Kate wrote: "I don't mind going to the big airy chains like B&N (Burlington's is best closest to me), but I love a cute little bookstore. My favorite of all time, Derby Street Books in Salem, is closing!"I'll believe it when I see it; it has been "closing" for over a decade. On the other hand, most of my favorite bookstores are indeed dead and gone. In fact I see that someone else has pointed out that it is not closing. I'd second Trident on Newbury, Cornerstone in Salem, and the Beverly Farms book shop. Banbury Cross, in Wenham, sells only children's books and the owner has wonderful taste.
But my favorite, hands down, is way out in Montague, MA: The Book Mill: a rambling old mill building filled with secondhand books; it is in the middle of nowhere (the store's motto is "Books you don't need, in a place you can't find.), but it is a spectacularly beautiful nowhere, and it shares the space with a café/wine bar and what is supposed to be an excellent restaurant. Destination Browsing.

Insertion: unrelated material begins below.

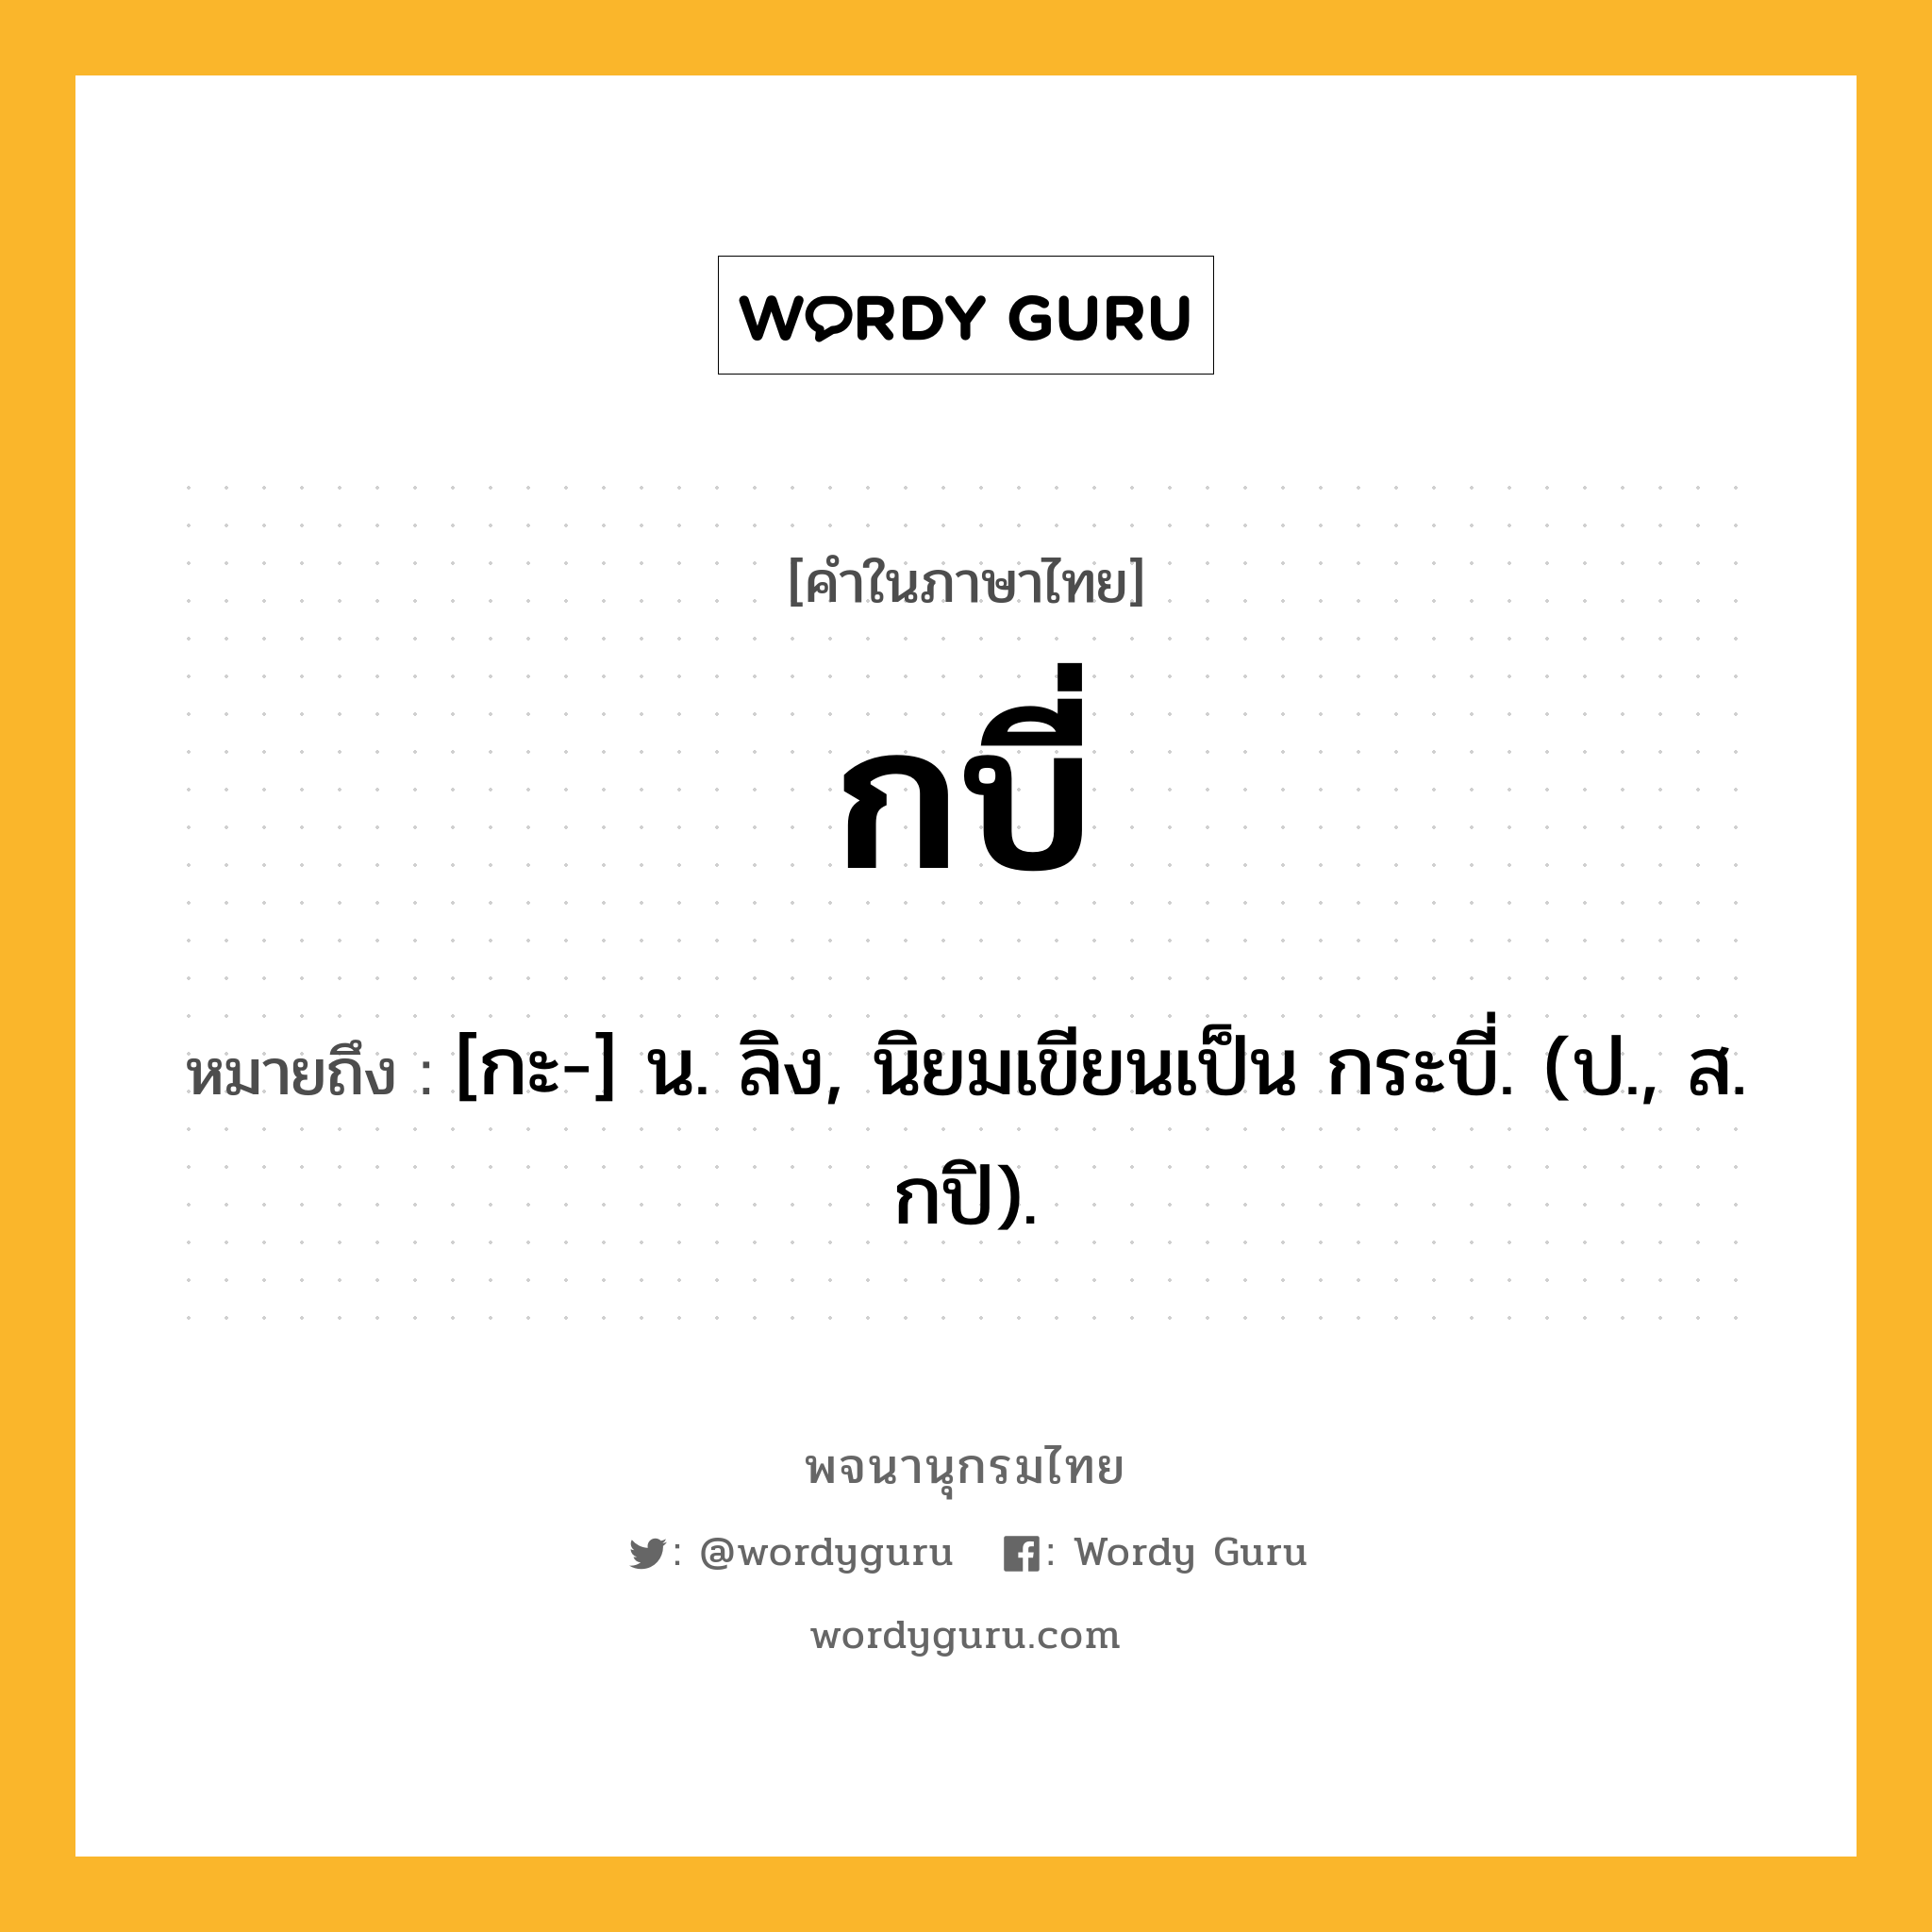 กบี่ หมายถึงอะไร?, คำในภาษาไทย กบี่ หมายถึง [กะ-] น. ลิง, นิยมเขียนเป็น กระบี่. (ป., ส. กปิ).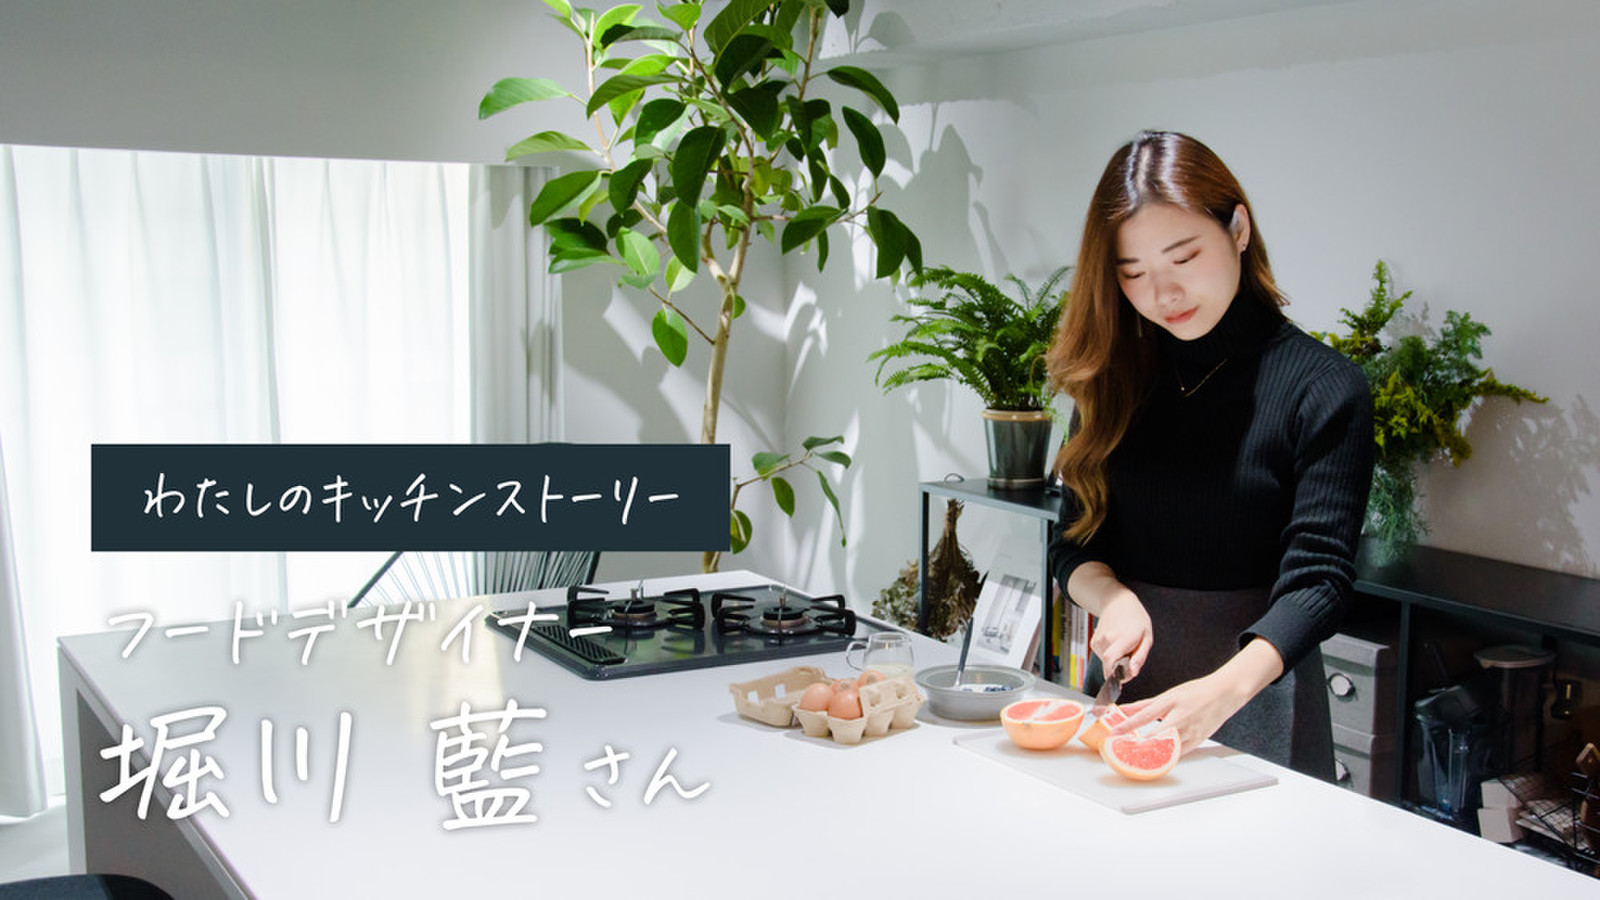 フードデザイナー・Ai Horikawaさんの暮らしの中心になるキッチン。真っ白なお皿に、わたしだけの料理を仕立てるフルリノベーション

I have often mused (as a literary man) about the fact that men are as casually excluded from Book Clubs as they are from, say, women's restrooms. It seems to be something that is taken absolutely and completely for granted. As a father, I have happily and comfortably been invited to join so-called "mommy's groups" but I have never ever heard of a man in a book club. I don't mind. But it strikes me as odd, since it isn't as if men don't read, although (on the whole) men probably do read less.